Through exploring the convergence of theories on population health management and of livable cities initiatives, two approaches are identified that emphasize the growing presence of non-traditional healthcare providers in providing healthcare services. Healthcare providers, civic leadership and non-traditional providers can work together to coordinate community health goals, providing more effective wellness opportunities and a reduction in healthcare costs.

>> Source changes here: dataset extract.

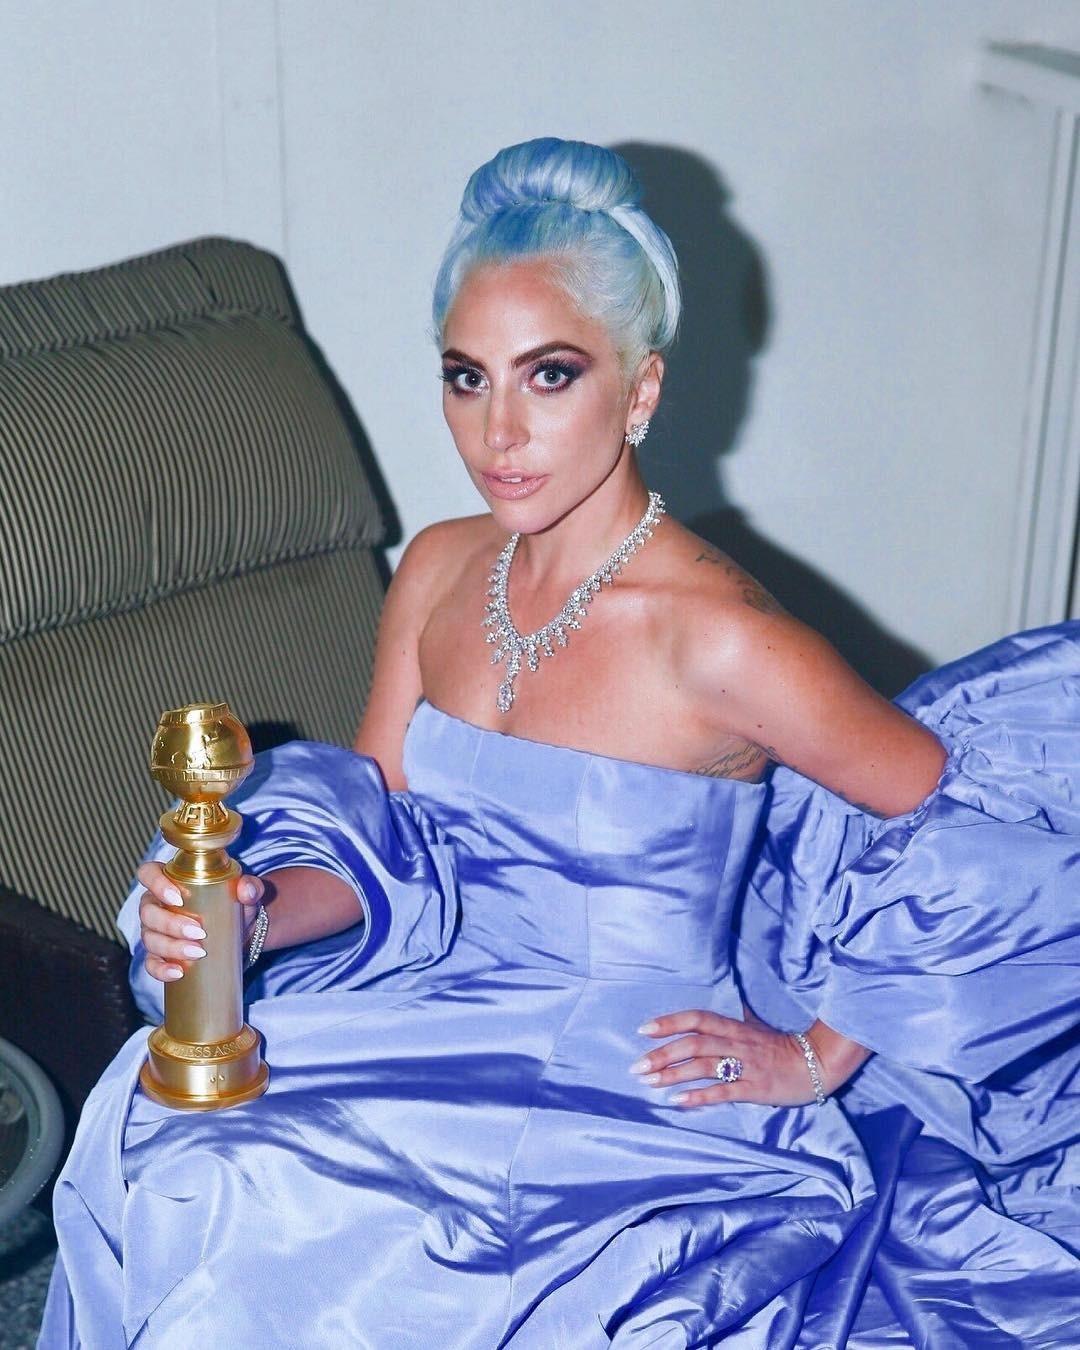 Леди Гага - интересная, яркая, космическая девушка - по мнению таролога, с инопланетной энергией. Можно сказать, ей никак не подходит энергетика Земли. В этот раз, увы, Оскара певица не п...
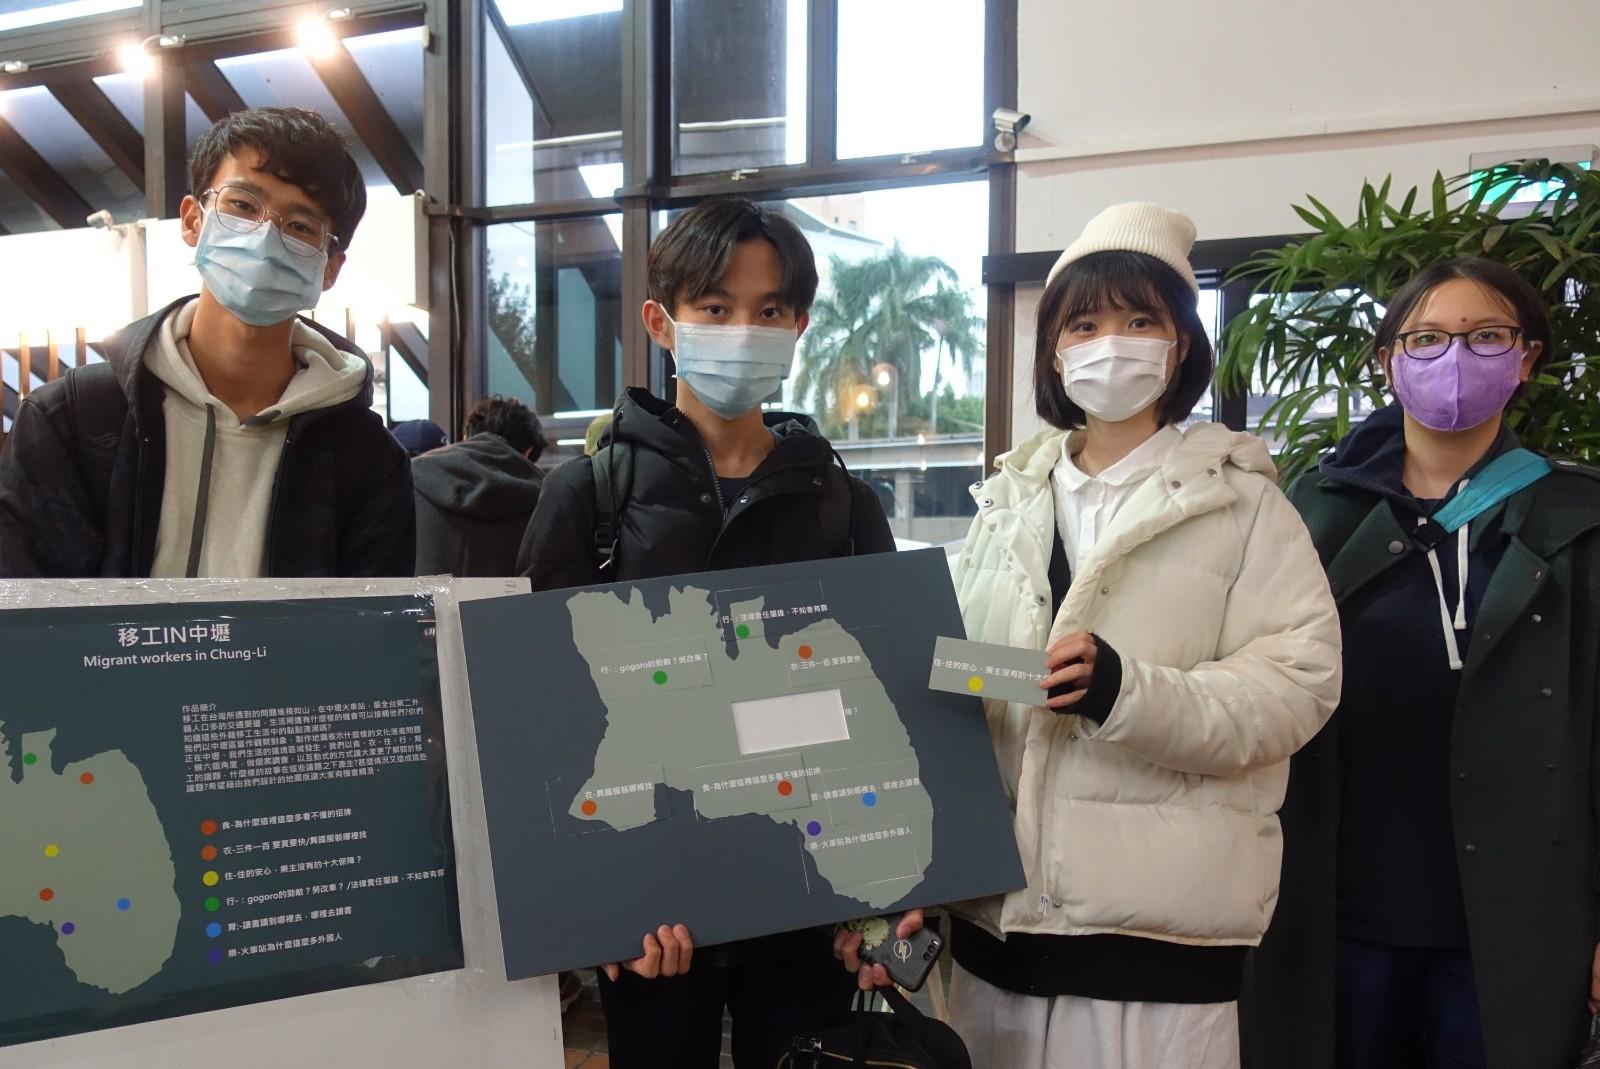 桃園學「移工IN中壢」組學生藉由地圖板之Q&A讓觀展者了解移工在台灣所遇到的問題。.jpg

For many years, placemaking trends and trendsetters have explored concepts with the goal of achieving livable cities. Simultaneously, healthcare systems have been exploring how to reach out to the communities they serve. Challenges include overcoming inequity in healthcare access, motivating populations to take steps towards healthy living, determining ROI on strategies, and achieving a reduction in healthcare costs. The drivers in the livable city concept stem from civic interest in attracting and retaining residents and businesses to fuel economic development. The motivating factors for healthcare institutions involve responding to changes in healthcare reimbursement (moving from a service fee to a proactive care model). The goal is improved community health and preventing the development of costly chronic illnesses.
Providing community health is explored from three perspectives: the healthcare provider and how they can address changes in reimbursement; community leadership and how they can incorporate the growth of livable city concepts, and non-traditional healthcare providers entering the reimbursable healthcare market. Peripheral to this conversation are discussions on how communities can promote wellness in the urban habitat.